Interop between the two is deliberate and cheap. Convert at the boundary; use whichever idiom fits the task.

Setup — required for every example

Every code example in this guide uses the ~o sigil from Tempo.Sigils. Before running any of them — in iex, a script, or a module — you must bring the sigil into scope:

import Tempo.Sigils

The import adds only sigil_o/2 and sigil_TEMPO/2 to the caller's namespace; no helper functions leak in.

Tempo is the right call when…

You're thinking in intervals

Scheduling ("this meeting from 2pm to 3pm"), availability ("free during work hours Mon–Fri"), date ranges ("Q3 2026" — a span, not a moment), recurrence ("every second Monday of the month" — infinite span needing bounded materialisation). The stdlib models these as awkward pairs of DateTime values and hand-rolled comparison logic. Tempo models them as first-class bounded spans with predicates and operators.

You need set operations on time

Tempo.union/2, intersection/2, difference/2, symmetric_difference/2, complement/2. "Find the overlap between these two people's calendars." "Available slots within the work day minus busy periods." "Free hours across a team of five." None of this exists in the stdlib.

You need Allen's interval algebra

The thirteen named relations — :precedes, :meets, :overlaps, :during, :equals, and the eight inverses — exposed as Tempo.before?/2, after?/2, meets?/2, adjacent?/2, during?/2, within?/2, overlaps?/2. When "A comes before B" isn't specific enough ("is there a gap? does A end where B begins? do they overlap?"), stdlib's three-valued :lt | :eq | :gt doesn't help.

You need calendar awareness beyond Gregorian

Hebrew, Islamic, Julian, Coptic, Ethiopic, Persian, Chinese, Japanese, and more. ~o"5786-10-30[u-ca=hebrew]" and ~o"2026-06-15" can be compared, enumerated, and combined directly — Tempo performs the calendar conversion automatically. Historical / archaeological dates (the switch from Julian to Gregorian is a real thing that happens inside date comparisons before 1582) are first-class.

You need RRULE or iCalendar integration

Stdlib cannot model recurrence at all.

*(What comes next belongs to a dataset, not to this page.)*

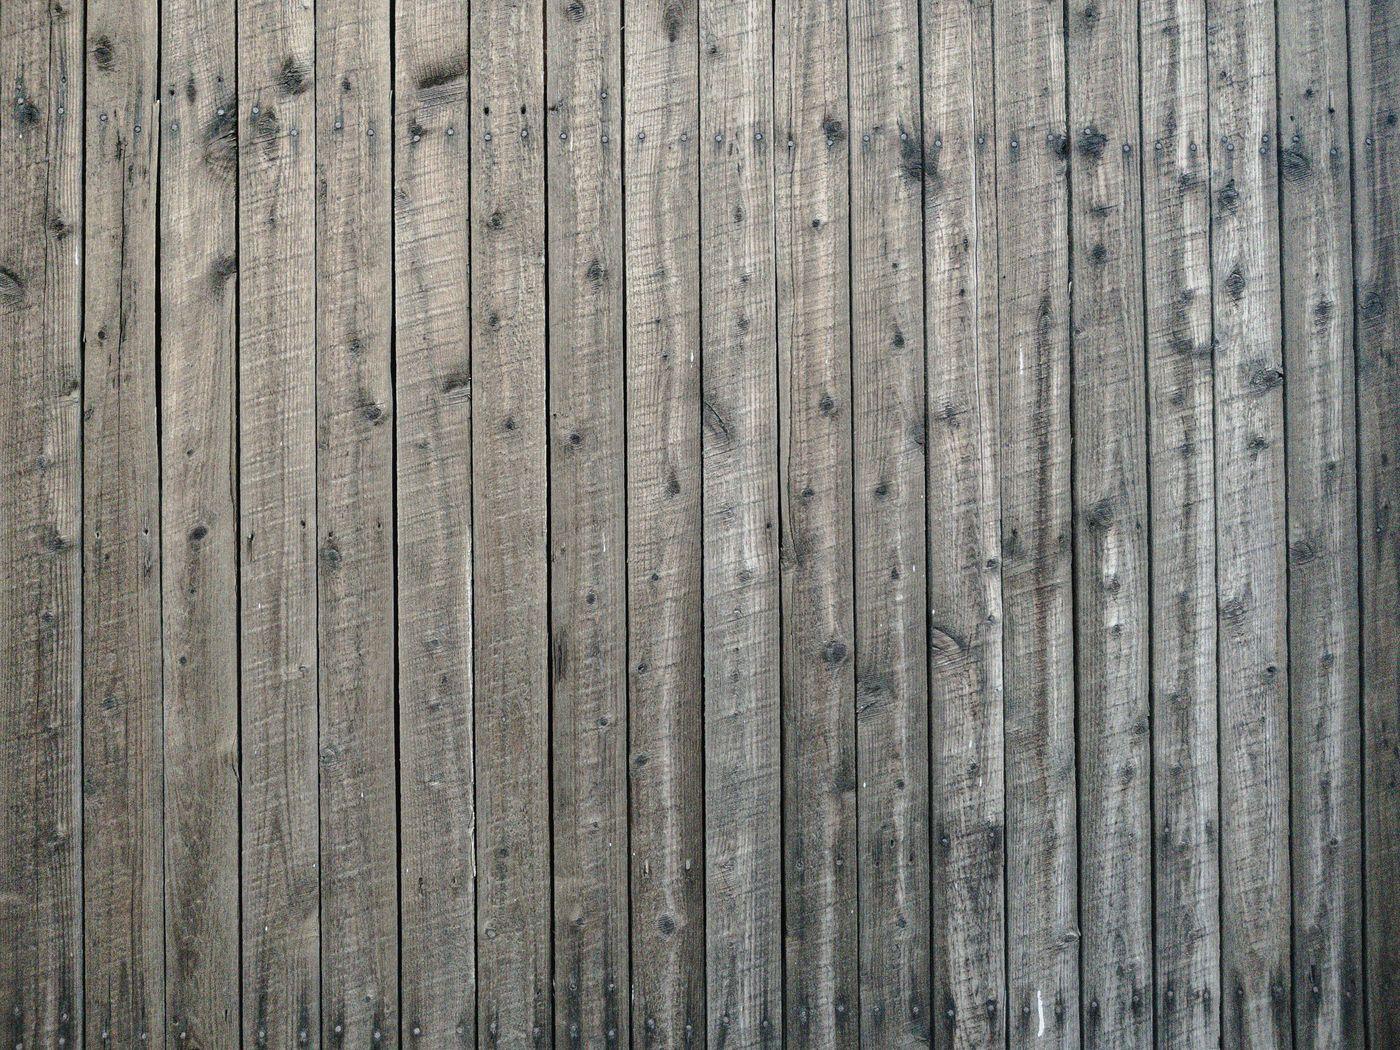 細い木材の壁の写真

Tempo.RRule and Tempo.ICal parse, generate, and expand RFC 5545 rules, round-trip .ics files, and preserve metadata through interval operations.

You need uncertain or masked dates

ISO 8601-2 EDTF: ~o"156X" (the 1560s), ~o"2022?" (approximately 2022), ~o"2026~" (circa 2026). Tempo treats these as bounded, enumerable values you can compare and operate on. Stdlib has no vocabulary for uncertainty.

You need locale-aware display

Tempo.to_string(tempo, locale: "de", format: :long) goes through CLDR via Localize. Year and month values render as closed intervals ("Jan – Dec 2026") because they are intervals. Stdlib's Calendar.strftime/2 has no concept of this — it formats instants, in the developer's choice of pattern string, without locale-specific month or weekday names.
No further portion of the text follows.